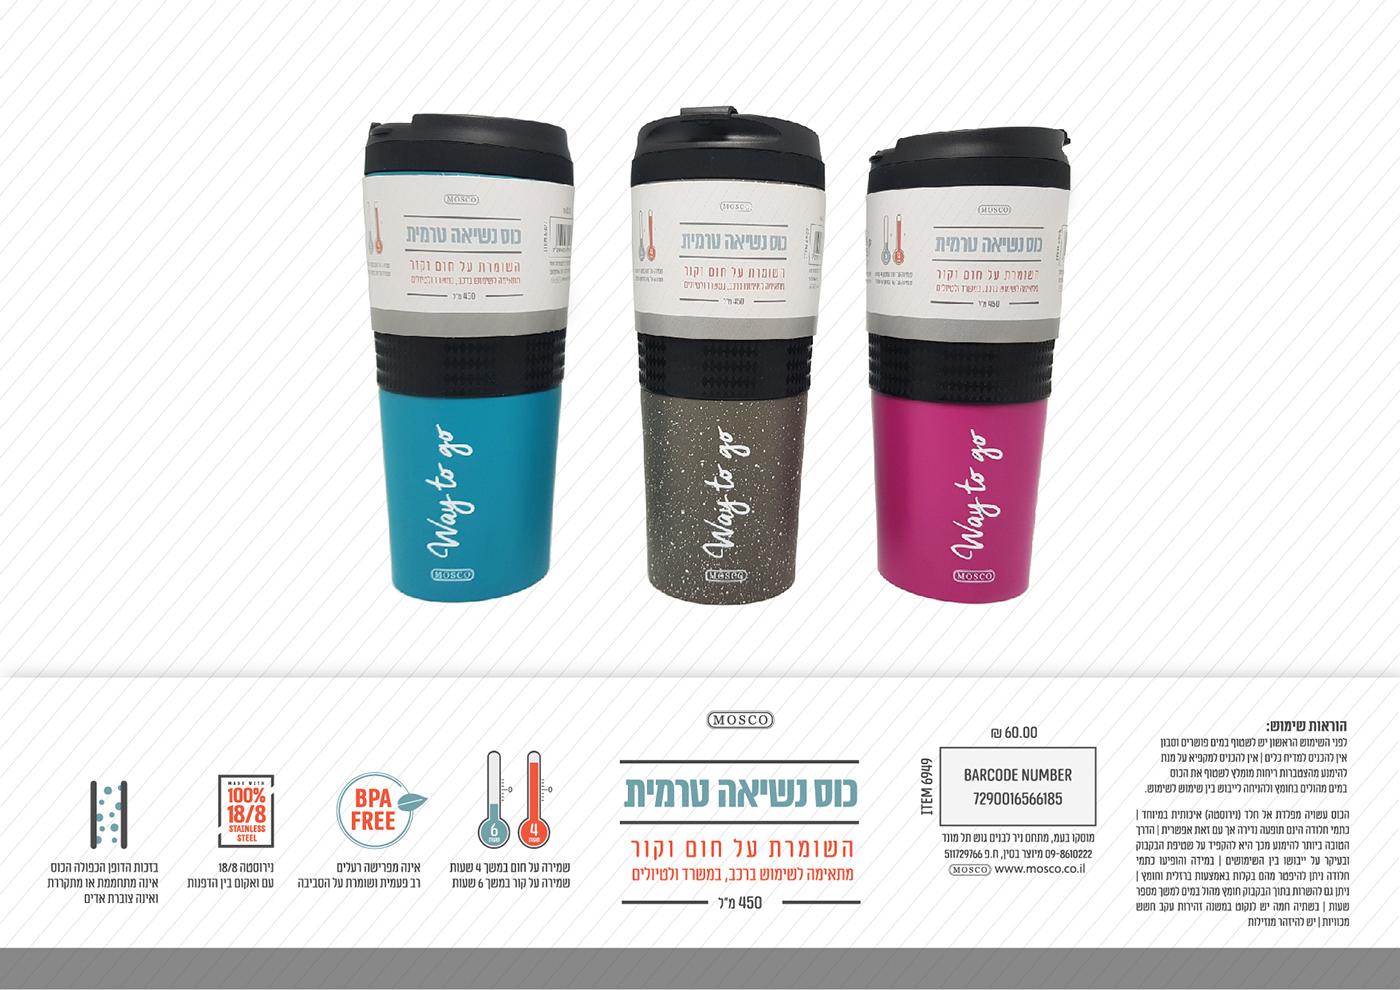 מוסקו, עיצוב לייבל, כוס טרמית, עיצוב אריזות, טיקט לכוס
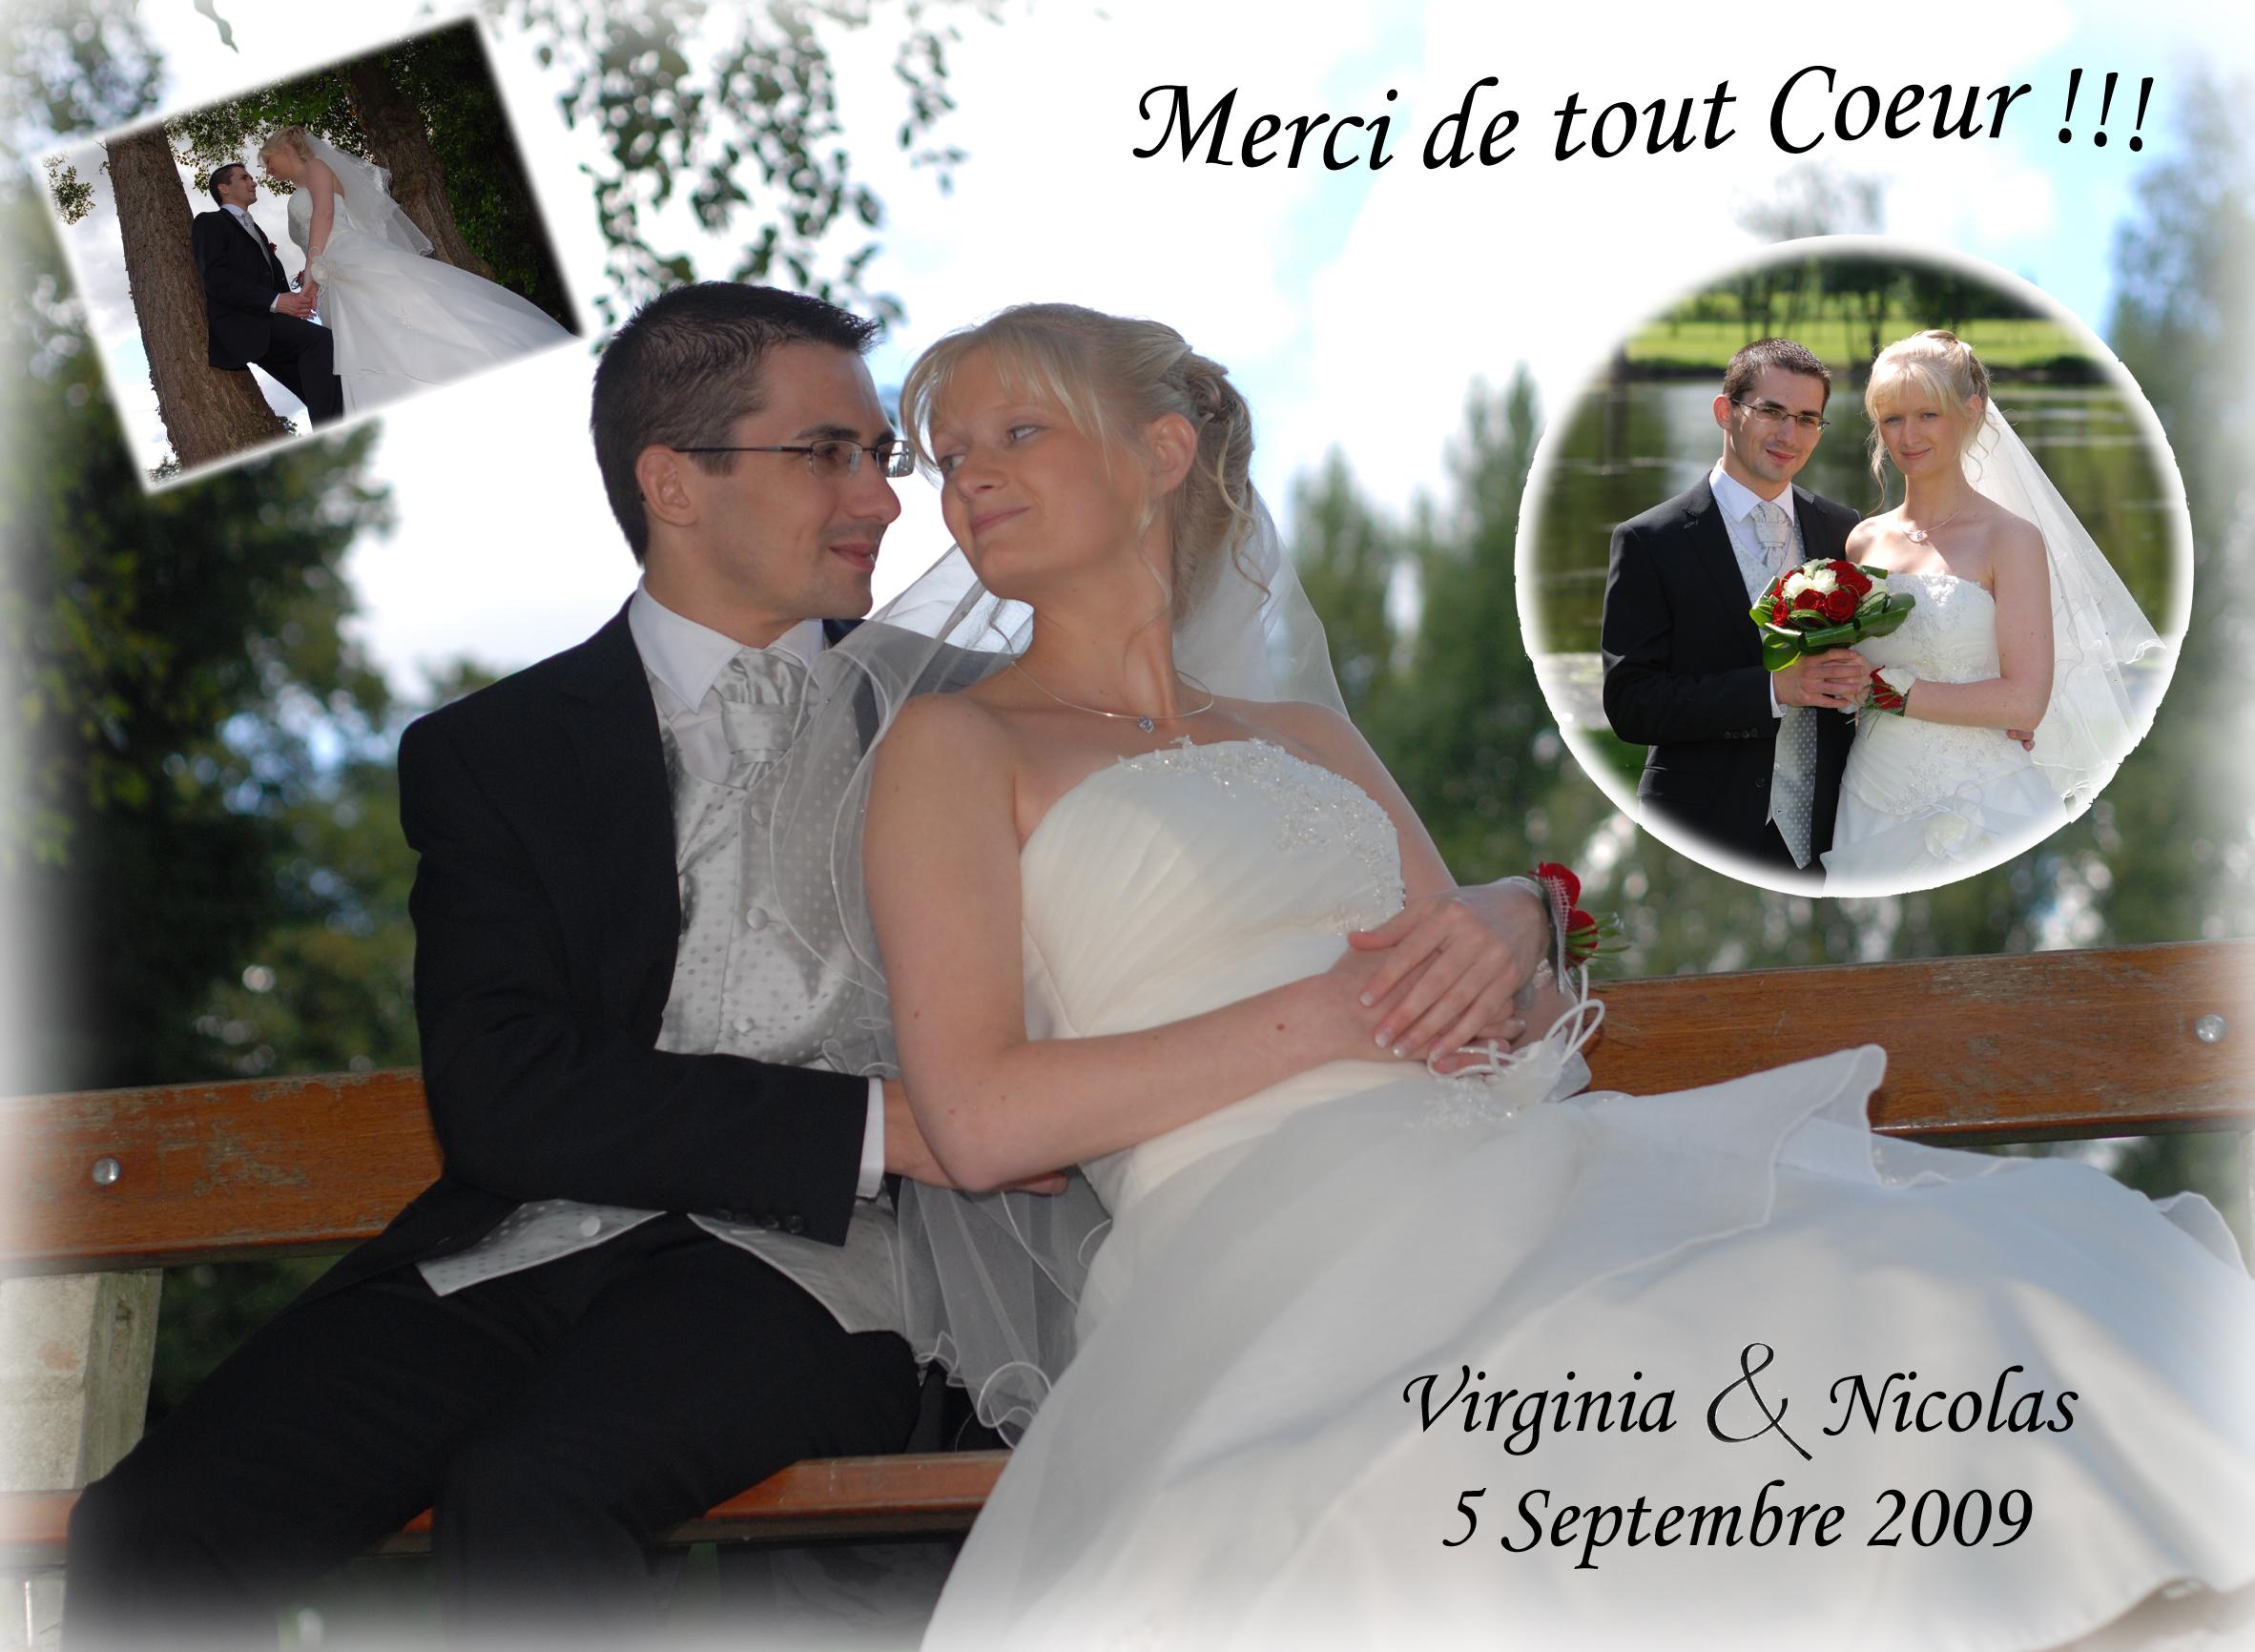 05 Septembre 2009 - Côté jardin
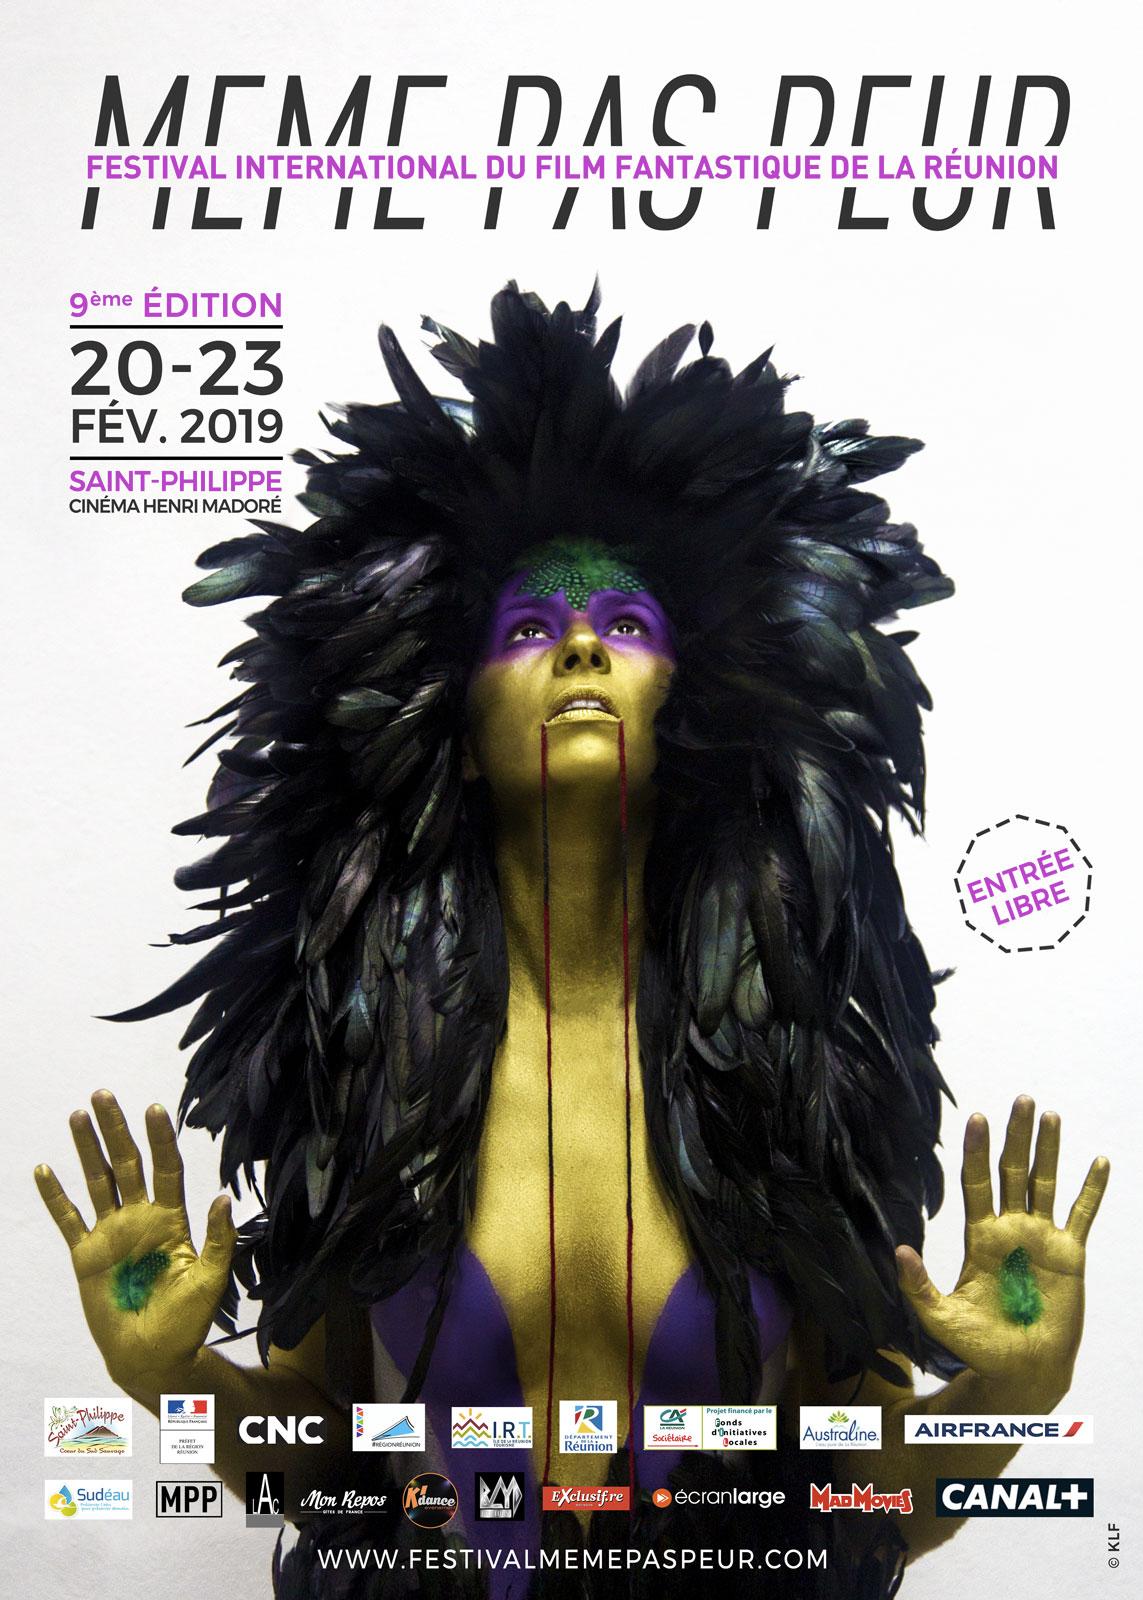 Affiche de la 9ème édition du Festival MEME PAS PEUR
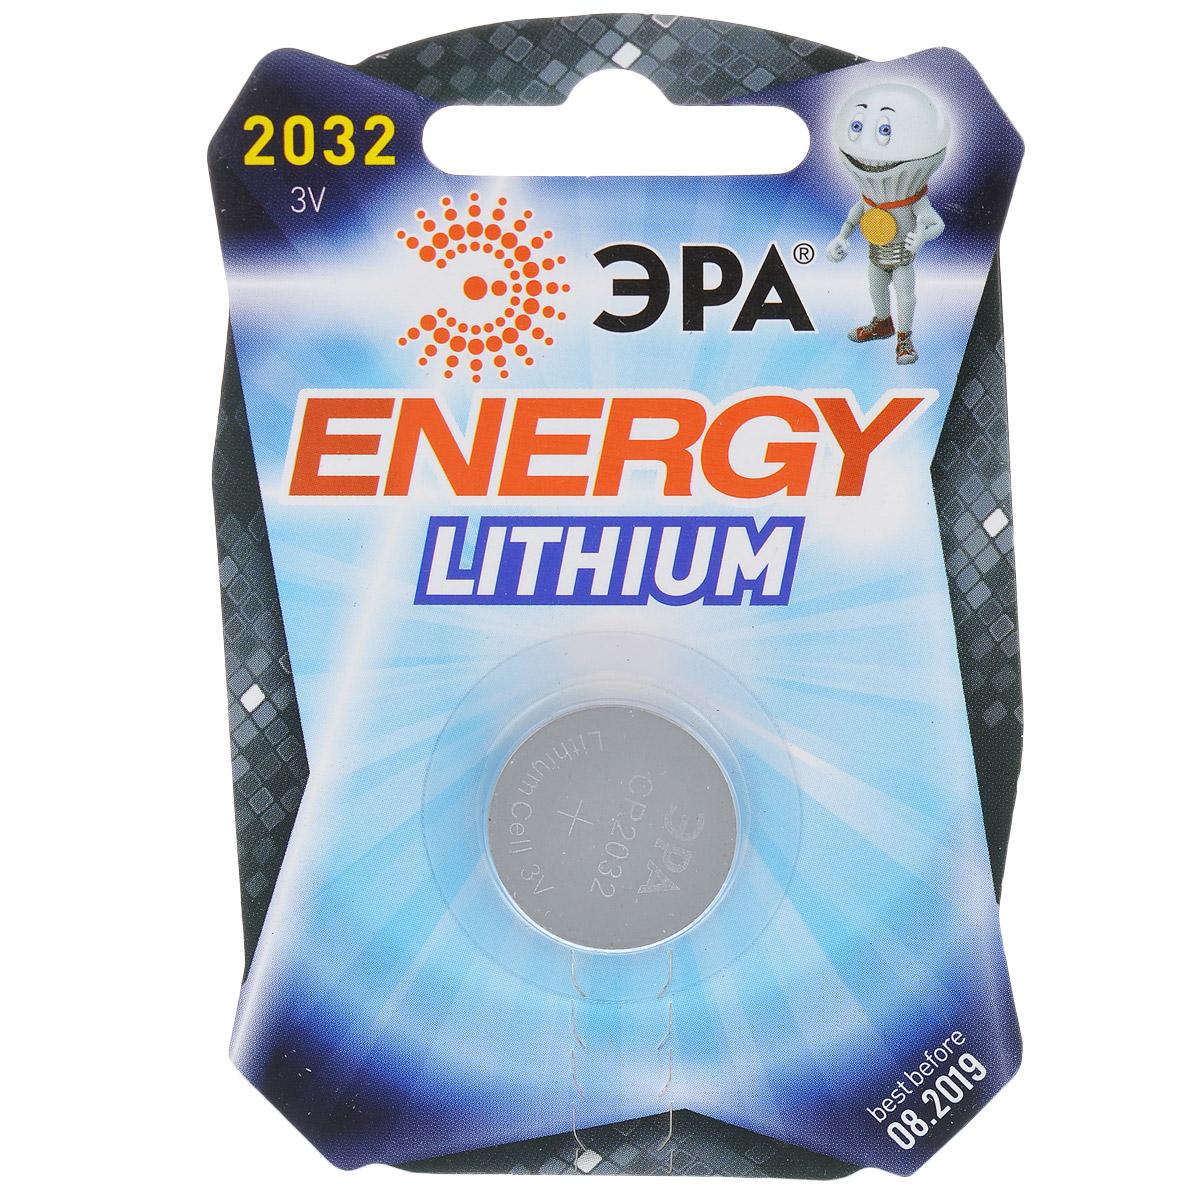 Батарейка литиевая ЭРА Energy, тип CR2032 (1BL), 3В5055398601112Литиевые батарейки ЭРА Energy оптимально подходят для повседневного питания множества современных бытовых приборов: электронных игрушек, фонарей, беспроводной компьютерной периферии и многого другого. Батарейки созданы для устройств со средним и высоким потреблением энергии. Работают в 10 раз дольше, чем обычные солевые элементы питания. Диаметр батарейки: 2 см.Уважаемые клиенты! Обращаем ваше внимание на возможные изменения в дизайне упаковки. Качественные характеристики товара остаются неизменными. Поставка осуществляется в зависимости от наличия на складе.
^^^^^^^^^^^^^^^^
The data above are to be repeated word for word, with any pictures left out.

Task response:
 מוסקו, עיצוב לייבל, כוס טרמית, עיצוב אריזות, טיקט לכוס
 05 Septembre 2009 - Côté jardin
 Affiche de la 9ème édition du Festival MEME PAS PEUR
 Батарейка литиевая ЭРА Energy, тип CR2032 (1BL), 3В5055398601112Литиевые батарейки ЭРА Energy оптимально подходят для повседневного питания множества современных бытовых приборов: электронных игрушек, фонарей, беспроводной компьютерной периферии и многого другого. Батарейки созданы для устройств со средним и высоким потреблением энергии. Работают в 10 раз дольше, чем обычные солевые элементы питания. Диаметр батарейки: 2 см.Уважаемые клиенты! Обращаем ваше внимание на возможные изменения в дизайне упаковки. Качественные характеристики товара остаются неизменными. Поставка осуществляется в зависимости от наличия на складе.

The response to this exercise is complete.